In the past we did manage to process “whole of Flanders” aggregation jobs successfully (with a simpler algorithm). It would be interesting to see where the breaking point of your algorithm lies.

stefaan.lippens · 22 August 2022 10:00

I also noticed that each polygon is a 64-point approximation of a circle. It might also help with performance and resource usage to just use a coarser approximation (e.g 8 or even 6 points).
For an aggregation operation, 64 points is a bit overkill, I’d think.

margot.verhulst · 22 August 2022 10:28

The script is written so that I only have to specify year = at the beginning of the script to get time series for that particular year. The peculiar thing is that the “whole of Flanders” aggregation does work if I set the year in my script to 2018 or 2019, but I get the error if I set it to 2020 or 2021.

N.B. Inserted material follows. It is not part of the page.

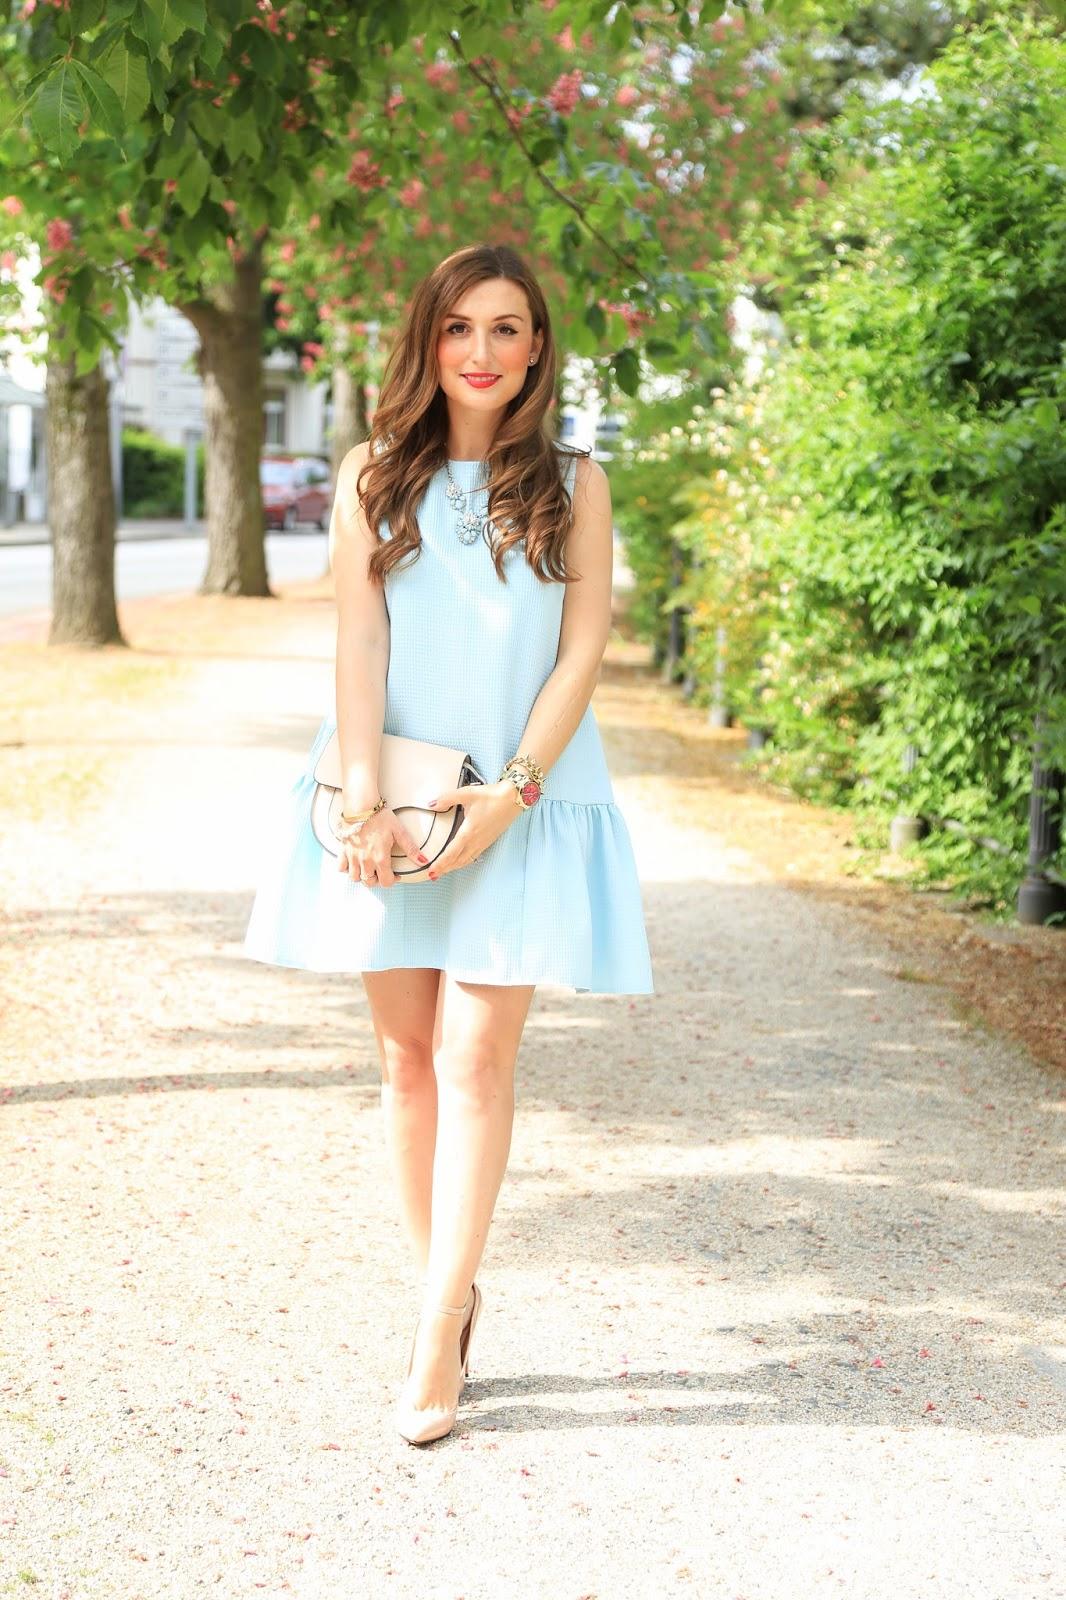 Blogger aus Deutschland - was trägt man im Sommer - Blogge rin Sheinside Kleidung - Sheinside Looks - Fashionstylebyjohanna

I now have also tried to extract only NDVI instead of 9 spectral bands + NDVI for 2020 or 2021, those cases also give this error. So it seems that by limiting either the temporal dimension or either the spectral dimension, the breaking point is still met.

I will now try with a different subset of closely located polygons.

Thanks for the hint on the approximation of the circles, I will try to change that.